Tuesday, June 1, 2010

What is Truth?

Passage: John 18:28-40


Jewish historians Philo and Josephus describe Pontius Pilate as a violent and savage ruler who ordered executions regularly and arbitrarily. The Pontius Pilate we meet in John 18 doesn’t fit their descriptions. The Pilate who meets with Jesus seems almost conciliatory. He goes out of his way to avoid executing the Jew his peers have identified as a dangerous insurgent.

Pilate seems curious about Jesus and the furor that’s blown up around him. Rather than dismiss the whole business by passing down a quick judgment, Pilate engages the accused in conversation. He wants to understand Jesus. He asks some questions.

“So, are you really the ‘King of the Jews’?”

“Where’d you get that idea?”

“Your people. It was them that brought you here, remember?”

“My kingdom isn’t from around here. If it were, don’t you think my servants would have fought to keep me from getting arrested? My kingdom’s from somewhere else.”

“So you are a king!”

“Yes. I’ve come to testify to the truth.”

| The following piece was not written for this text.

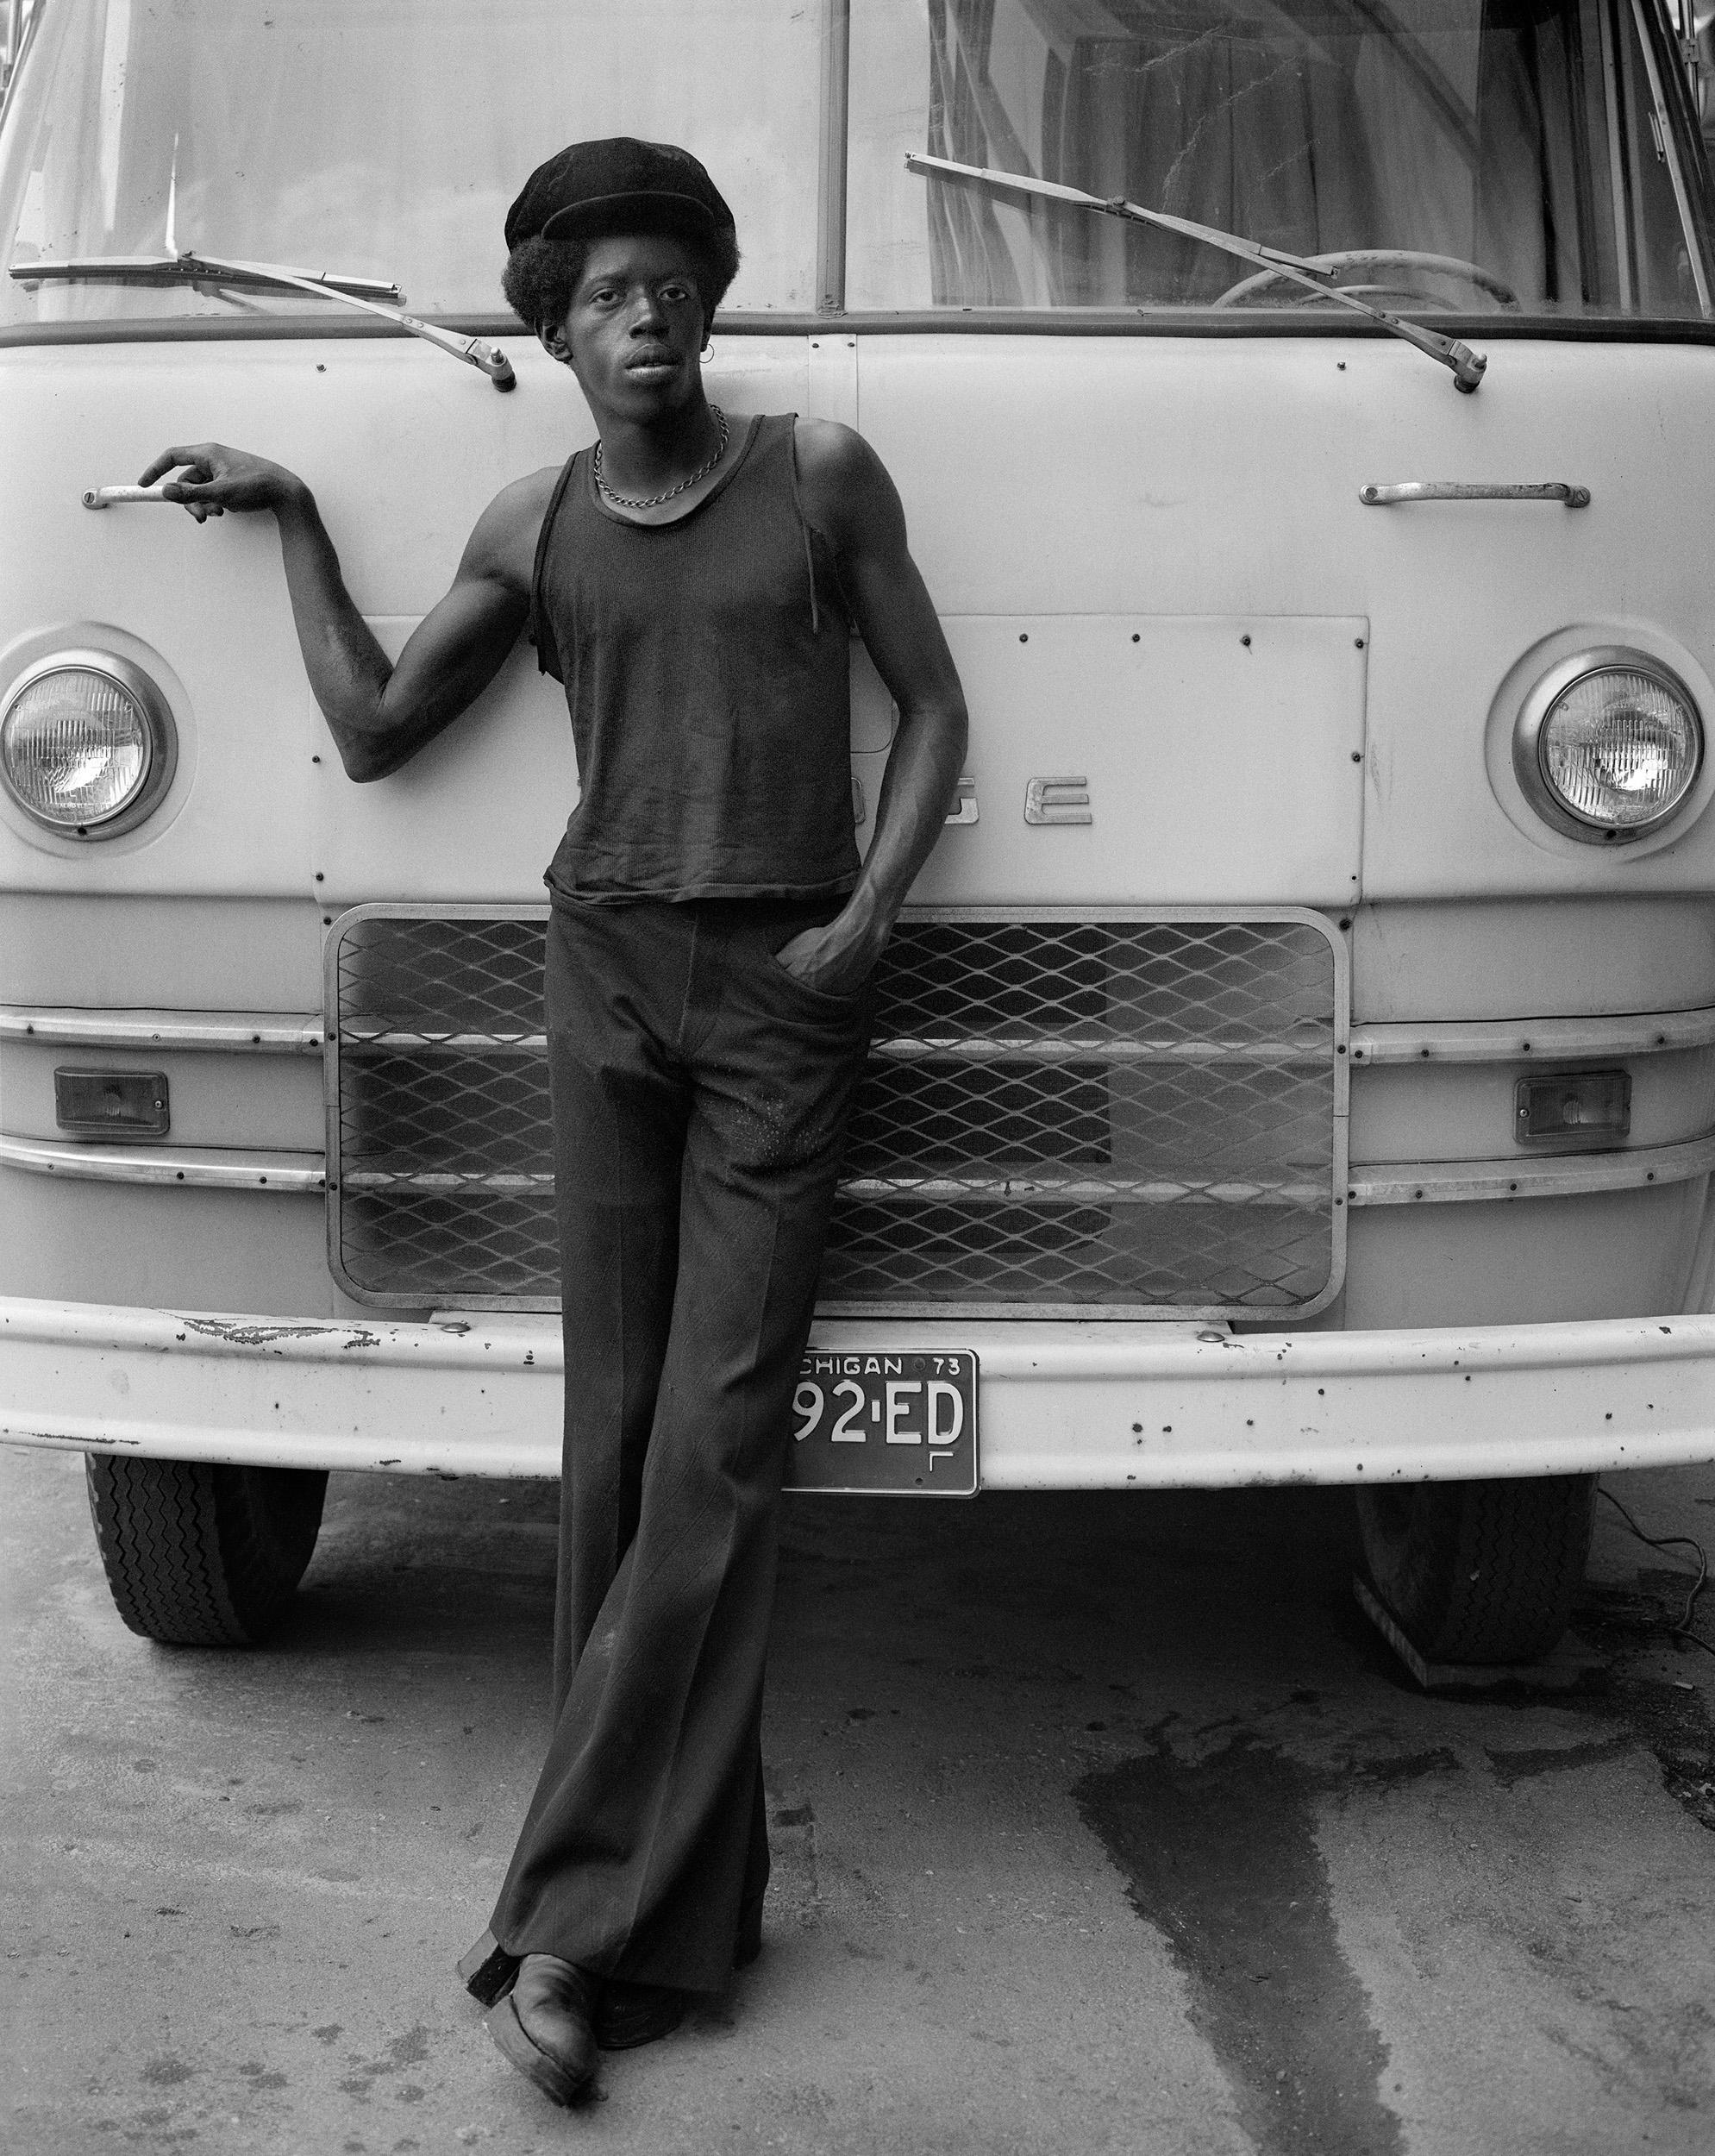 Jonnie, Detroit 1972, Detroit, Michigan, 1972

To which Pilate responds, “What is truth?” Pilate is a pragmatist. He represents an Emperor who has taken on god status. But he knows his Emperor isn’t a god. He represents a culture that demands worship of a pantheon of gods at myriad shrines and temples. But he knows he and his people are just going through the motions. Now he’s talking to a man who will go to the cross for yet another deity; yet another religion. And Pilate says, “Give it a rest. Give it a rest for fifteen minutes and you will save your life. Nothing is objectively true. At least not true enough to die for.


Pilate expects Jesus to back down. He would. He has. He has bowed at Athena’s shrine. He has kissed the feet of the Emperor’s statue. He will do what he has to do to save himself.

But Jesus isn’t interested in saving himself. That’s not what he came here to do. He came to testify to the one true thing. The only true thing. And if he backs down, he will simply confirm what Pilate and the rest of the world believe: none of it is really true. “This is true,” says Jesus: “God so loved the world that he gave his one and only son, that whoever believes in him shall not die but have eternal life.”

Jesus refuses to lie to save himself. He sticks to his story, ensuring that he will be sent to the cross. Rather than save himself, Jesus saves the world.